# Shellac nails



## Mixxi (Apr 6, 2016)

Hey guys,

I couldn't find a topic on shellac so thought I'd start one as I have a few questions. I had shellac done about a week and a half ago and I love it! It looks so much better than a regular manicure and my nails seem really strong. However, I already have a fair bit of nail growth. If you get shellac, how often do you get it done? Also, have you noticed that it weakens your natural nails over time?

Thanks in advance!


----------



## SubwayDreaming (Apr 6, 2016)

In a perfect world, I would get my shellac nails re-done every two weeks, but I stretch it to three.

I find that the only thing that weakens my nails is how the shellac is removed. If I go to a cheap place where they "drill" it off, it damages my nails.  If I go to a nice place and the shellac is soaked in acetone and gently removed, it doesn't hurt my nails.


----------



## Mixxi (Apr 14, 2016)

I was really disappointed as Monday one of my nails broke off with the shellac on!! I went and got my nails done with biosculpture gel at this nice place near me as someone told me it generally lasts 3 weeks and makes your nails stronger than shellac. I will report back in a couple of weeks to see if I've had any breakages.


----------



## Monsy (Apr 14, 2016)

mine usually break easily but with shellac i never had them broken. and it looks amazing and no chips even 14 days later.


----------



## Monsy (Apr 14, 2016)

SubwayDreaming said:


> In a perfect world, I would get my shellac nails re-done every two weeks, but I stretch it to three.
> 
> I find that the only thing that weakens my nails is how the shellac is removed.
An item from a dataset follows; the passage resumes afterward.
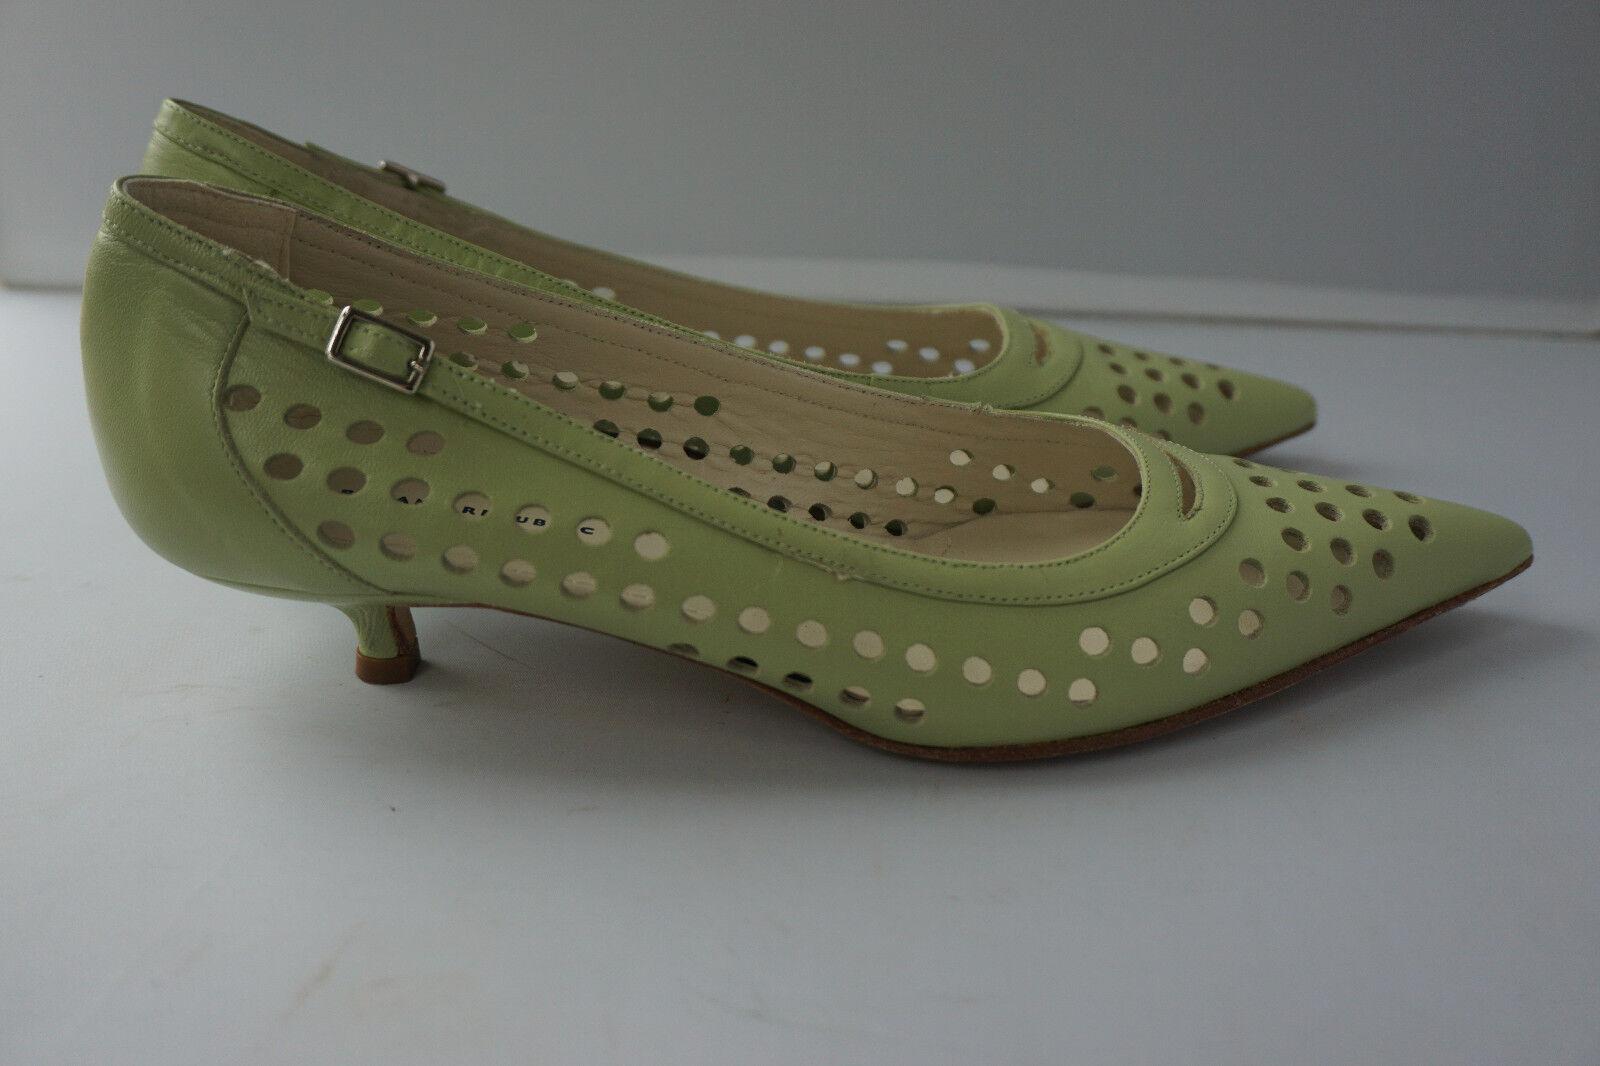 Banana Republic femmes vert Leather Kitten Heels Taille 6.5 Made in

If I go to a cheap place where they "drill" it off, it damages my nails.  If I go to a nice place and the shellac is soaked in acetone and gently removed, it doesn't hurt my nails.




why don't you soak it off yourself at home? it should not be "drilled" off


----------



## jamienewel (Apr 19, 2016)

I've recently started doing my own gels at home !


----------



## Mixxi (Apr 29, 2016)

jamienewel said:


> I've recently started doing my own gels at home !



What kit do you have and are you pleased with the results.


I have to say I'm quite impressed with the biosculpture gel. Lovely colour and I've had no chips or breakages in 2 and a half weeks. Going on Tuesday to get it redone.


----------